SIGTARP’s initial audit came out in July 2010. It remains classified as ongoing. But nothing further has been done since the automotive task force challenged the findings or since SIGTARP chief Neil Barofsky resigned last year.

Spitzer and Vorberg don’t expect anything more from SIGTARP. Darvish isn’t convinced, saying, “I have plans in mid-February and in March to make a whole bunch of noise about that.”

Has the Capitol Hill experience made her consider running for office?

“No, I don't have any political ambitions, although eventually I'd like to retire as an ambassador to Italy,” she quips.

For now, she wants to “focus on running our dealerships and growing them, continuing to make a difference and getting my kids through high school.”

She also is thinking about acquiring more stores and is “focusing more on the service and parts side.
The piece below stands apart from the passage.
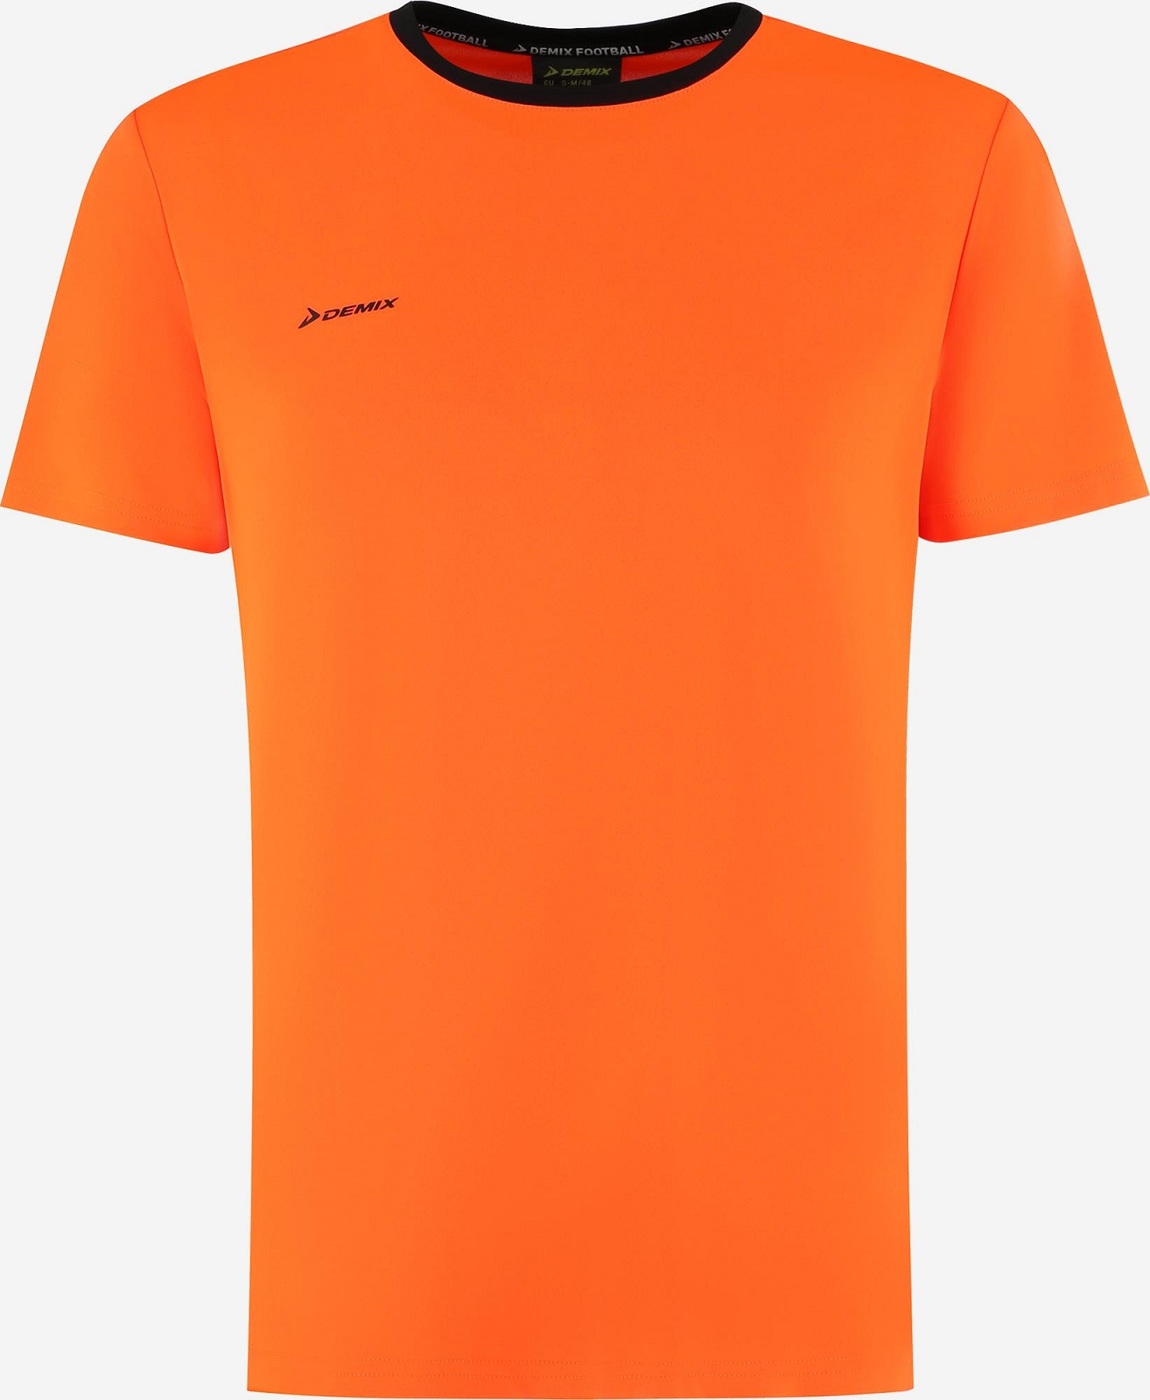 Спортмастер Reebok оранжевая футболка

We used to let service and parts run by themselves, regarding them as sort of ‘back there.’”

Her family’s remaining Chrysler and GM stores “aren’t breaking any records, but we’re profitable.”

She adds, “We lost one Chrysler store in Fairfax, VA, and one Dodge store in Jacksonville FL. We also lost a Chevrolet store in Maryland but we were given it back prior to having to go to arbitration.”

She splits management duties with two brothers, Jamie and John.

Their father, John R. Darvish, founded what would become Darcars 35 years ago after buying that single dealership, Glenmont Chrysler-Plymouth in Silver Spring, MD.

That was 15 years after he arrived in the U.S. from Iran to attend medical school. He started selling used cars in 1962 on summer break, fell in love with the business and never looked back.

His daughter says he started expanding his business in the early 1980s by buying “very financially stressed” dealerships. In 2004, Darcars hit the $1 billion mark in annual revenue.

The elder Darvish, who suffers from Parkinson’s disease, remains chairman.

The company employs about 1,860 people, down from a peak of some 2,100 just a few years ago. Tammy Darvish says retirements and voluntary departures accounted for most of the decrease. Her father refused to pink-slip any employees during the hard economic times.